Report: JPD saw fewer arrests, accidents in 2020

By CHRISTINE STEPHENSON
cstephenson@dcherald.com

JASPER — Just as the COVID-19 pandemic changed the way nearly every local business and organization operates, the Jasper Police Department did, too. This, at least in part, led to a decrease in arrests, accidents and traffic violations, according to the department’s 2020 end-of-year report.

“I think the change in numbers is completely related to COVID,” JPD Chief Nathan Schmitt said. “[The city] had to shut down for a while, and I remember coming into work, and it was like every day was a Sunday — no one on the roads, not a lot of calls.”

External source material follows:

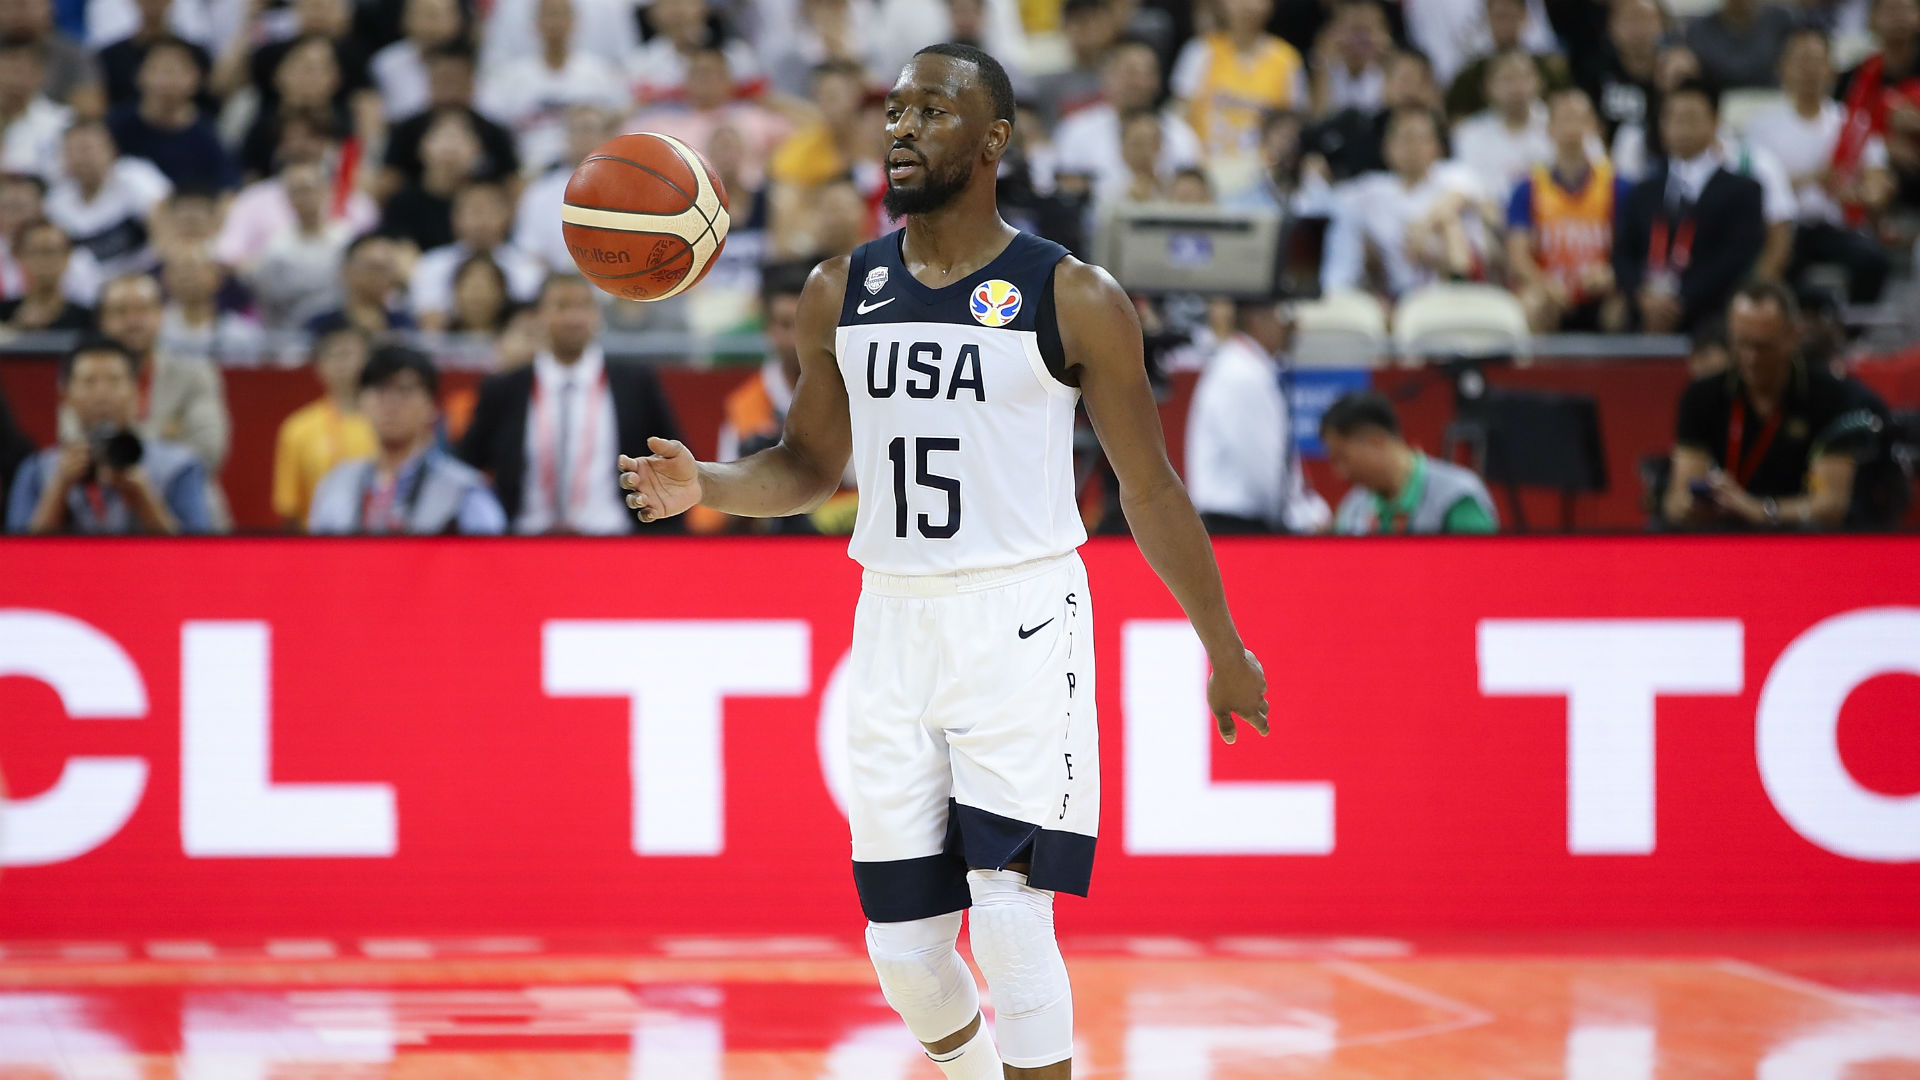 FIBA World Cup 2019: Full schedule, scores, TV channels, live stream for every USA basketball game

In total, the department received 13,114 calls for service in 2020, which was lower than the previous two years, compared to 14,142 calls in 2019 and 13,866 in 2018. This included fewer building checks, case reports/ investigations, and arrests.

The department made 434 arrests in 2020, compared to 578 in 2019 and 566 in 2018.

Arrests for crimes such theft and battery, which typically involve being out in public, were also lower, likely due, at least in part, to the fact that many people have been staying home, Schmitt said.

However, arrests for OWIs increased: there were 66 arrests in 2020, compared to 56 in 2019 and 38 in 2018.

Arrests for domestic battery also increased: 37 arrests compared to 30 and 20 from the previous two years, respectively.

Although there is no data or evidence to prove OWI and domestic battery cases increased in relation to the pandemic, the trend is still important to acknowledge, Mayor Dean Vonderheide said in a January meeting that discussed the report.

“Those are two significant social problems that are not just unique to Jasper but across the United States,” he said. “It’s a real problem, and it’s something that as a community we are attempting to face it … We have to highlight the fact that that problem does reside here in Dubois County and especially here in Jasper.”

Accidents and traffic violations, including warnings and citations, also decreased in 2020, according to the report.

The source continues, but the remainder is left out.